### Action item
Reproduce the entries that follow precisely, setting aside any images.

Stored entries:
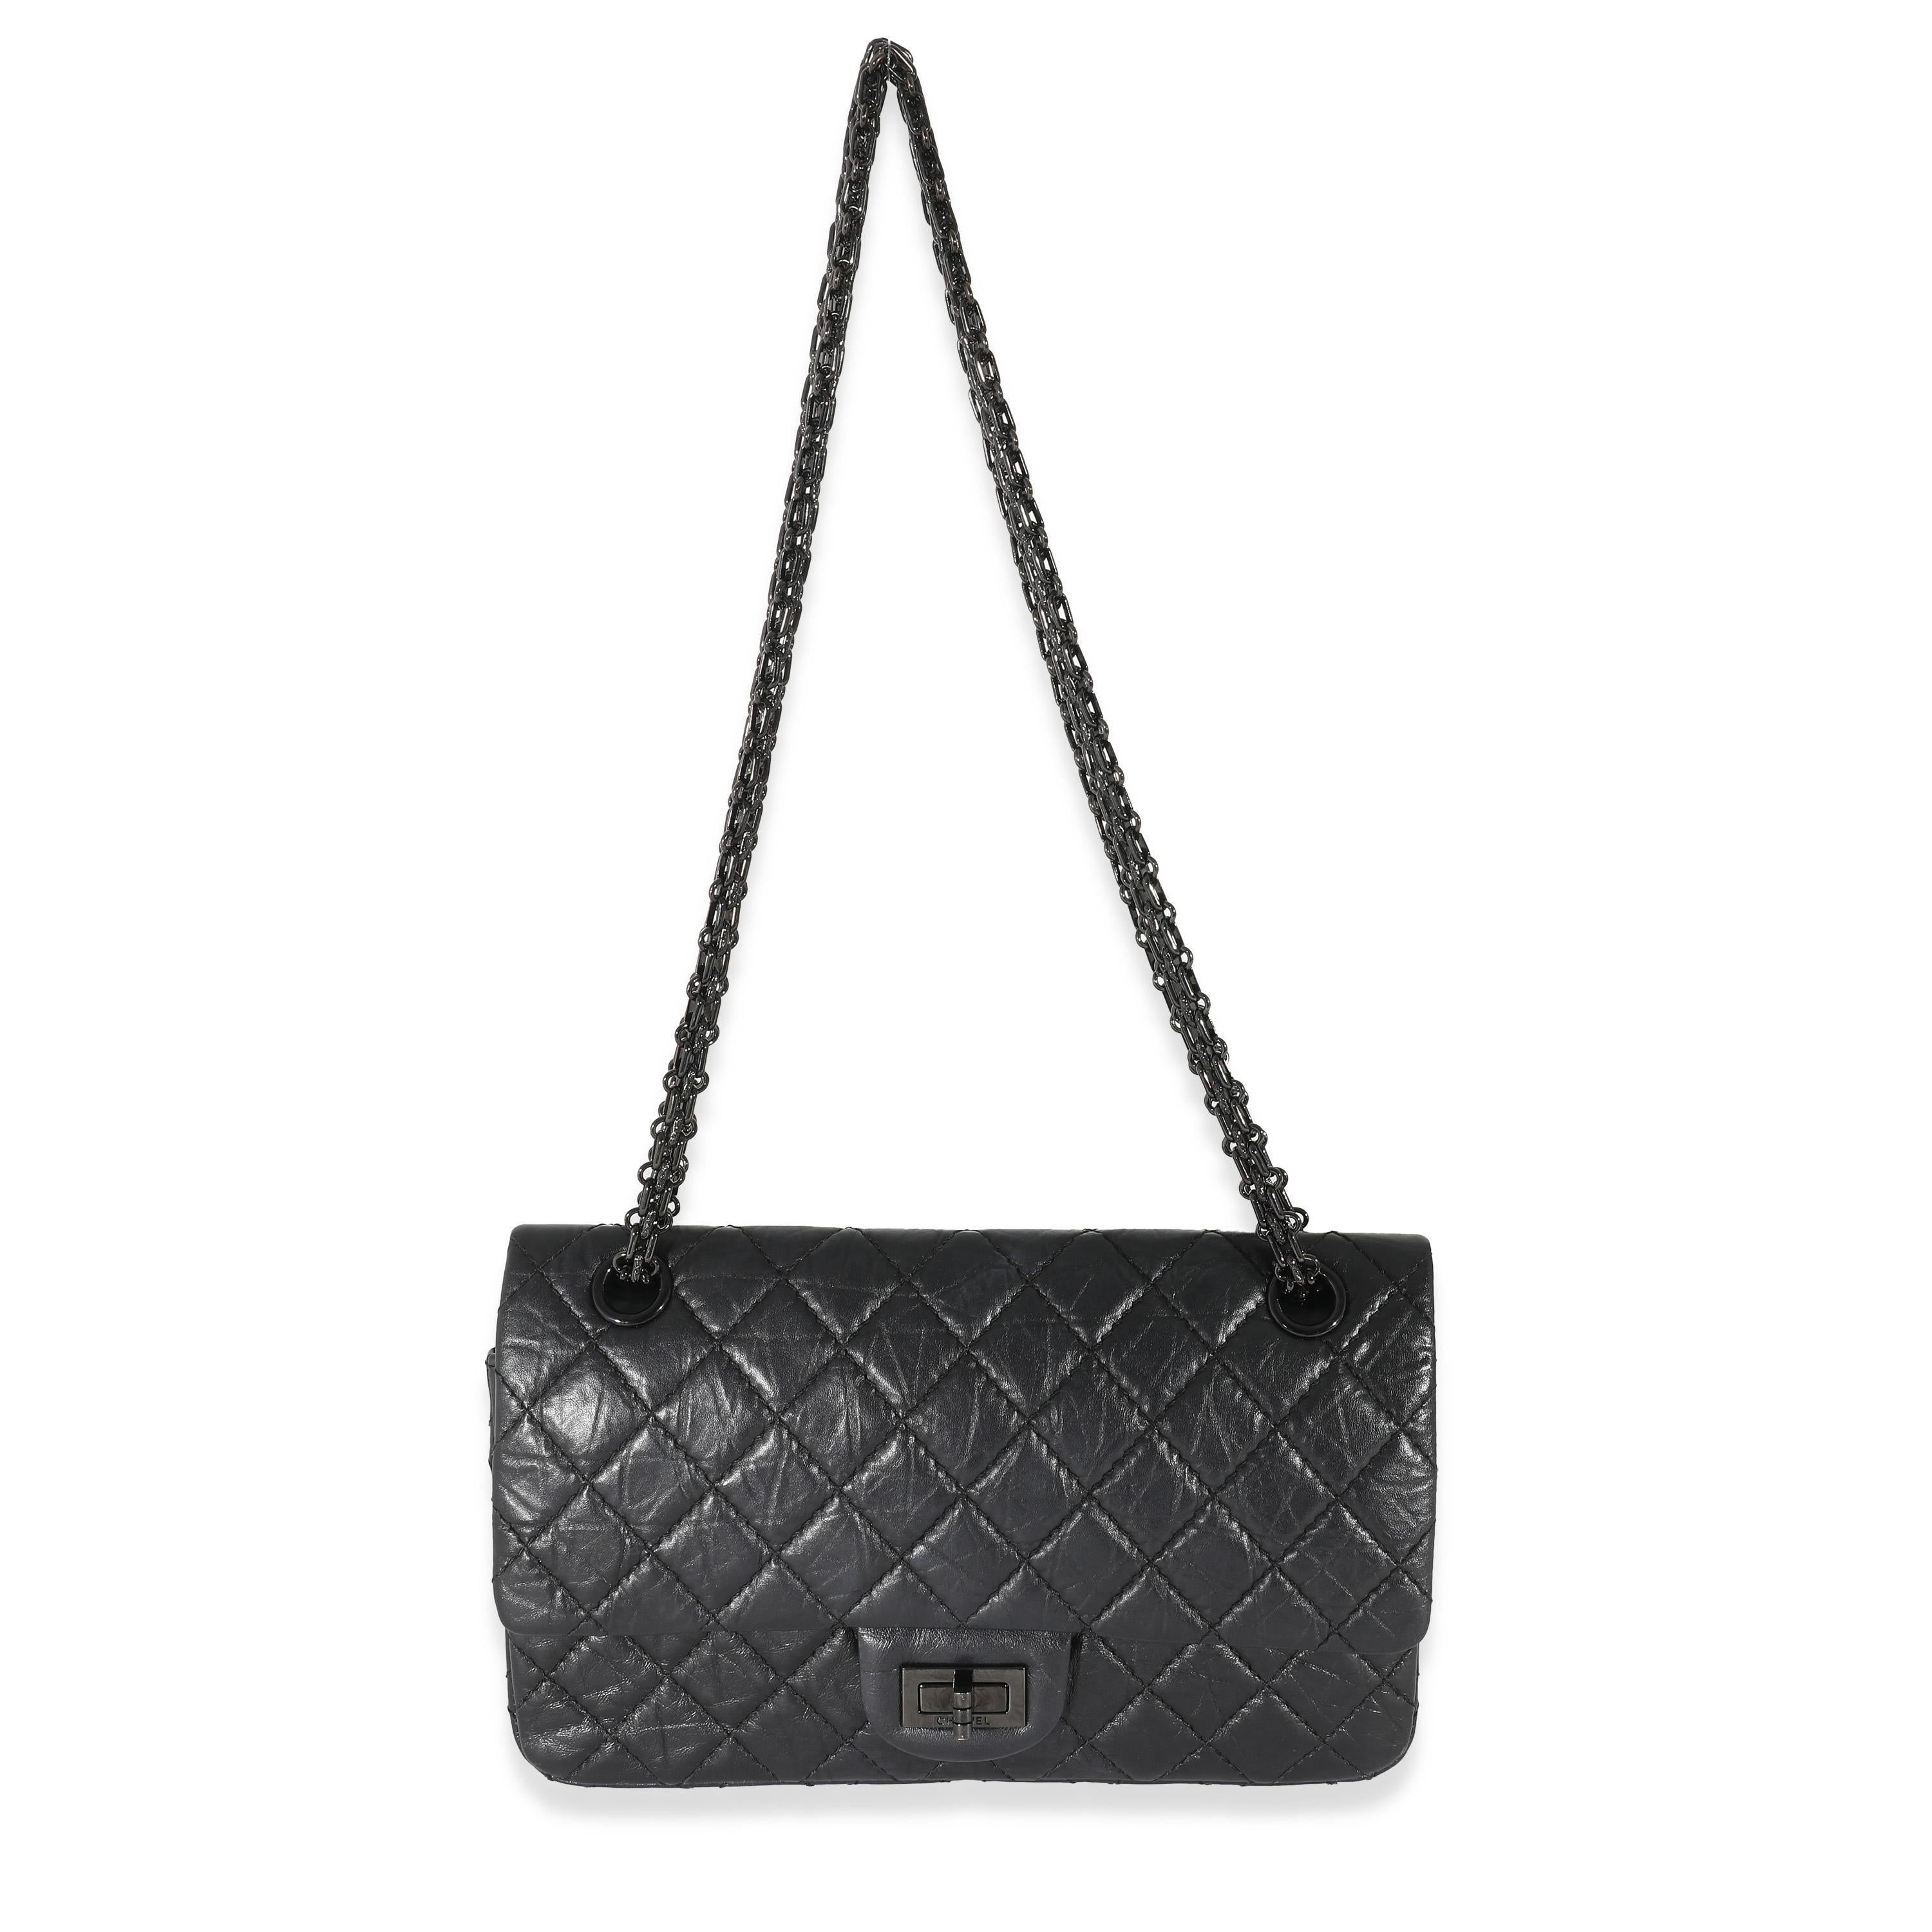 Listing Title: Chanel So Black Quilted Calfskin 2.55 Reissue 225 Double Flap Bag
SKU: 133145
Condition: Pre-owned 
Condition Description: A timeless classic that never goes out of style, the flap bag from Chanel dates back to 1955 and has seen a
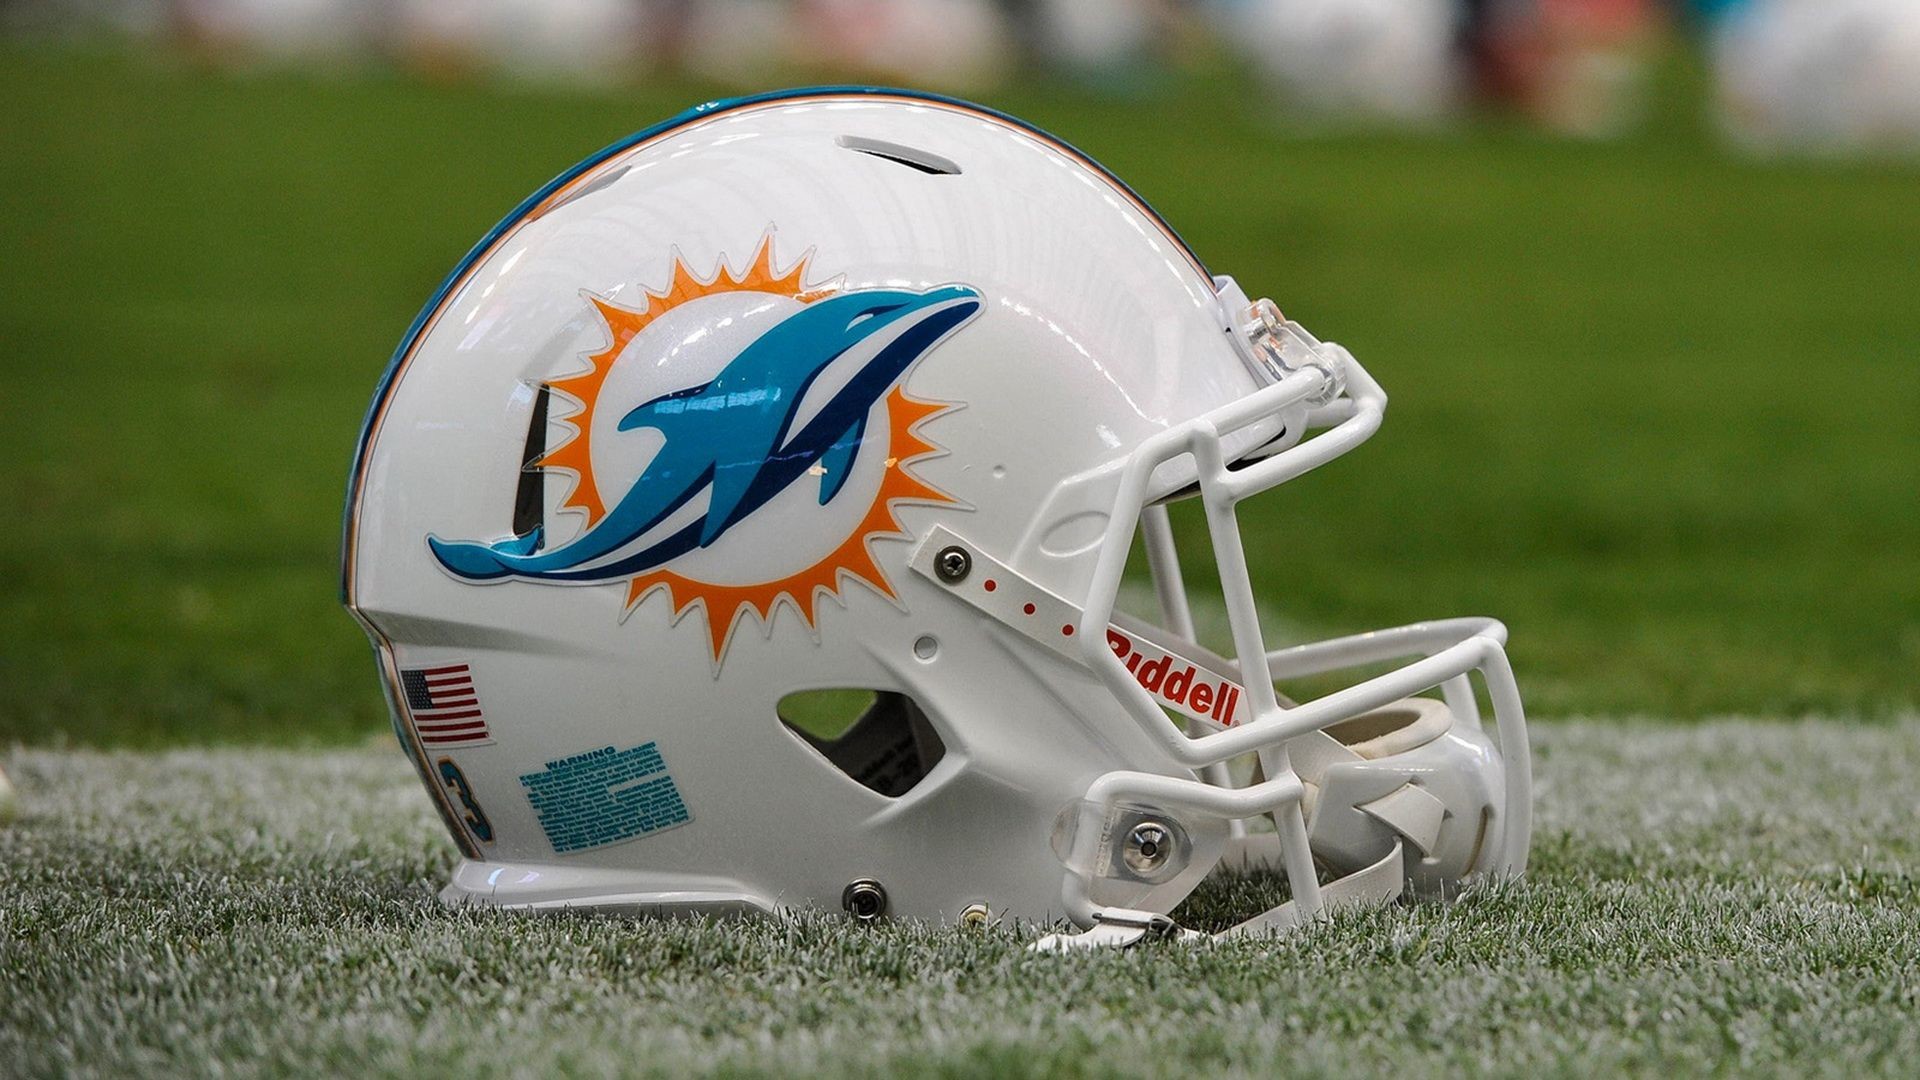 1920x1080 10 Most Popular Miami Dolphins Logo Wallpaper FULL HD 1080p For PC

### Expected answer
 Listing Title: Chanel So Black Quilted Calfskin 2.55 Reissue 225 Double Flap Bag
SKU: 133145
Condition: Pre-owned 
Condition Description: A timeless classic that never goes out of style, the flap bag from Chanel dates back to 1955 and has seen a
 1920x1080 10 Most Popular Miami Dolphins Logo Wallpaper FULL HD 1080p For PC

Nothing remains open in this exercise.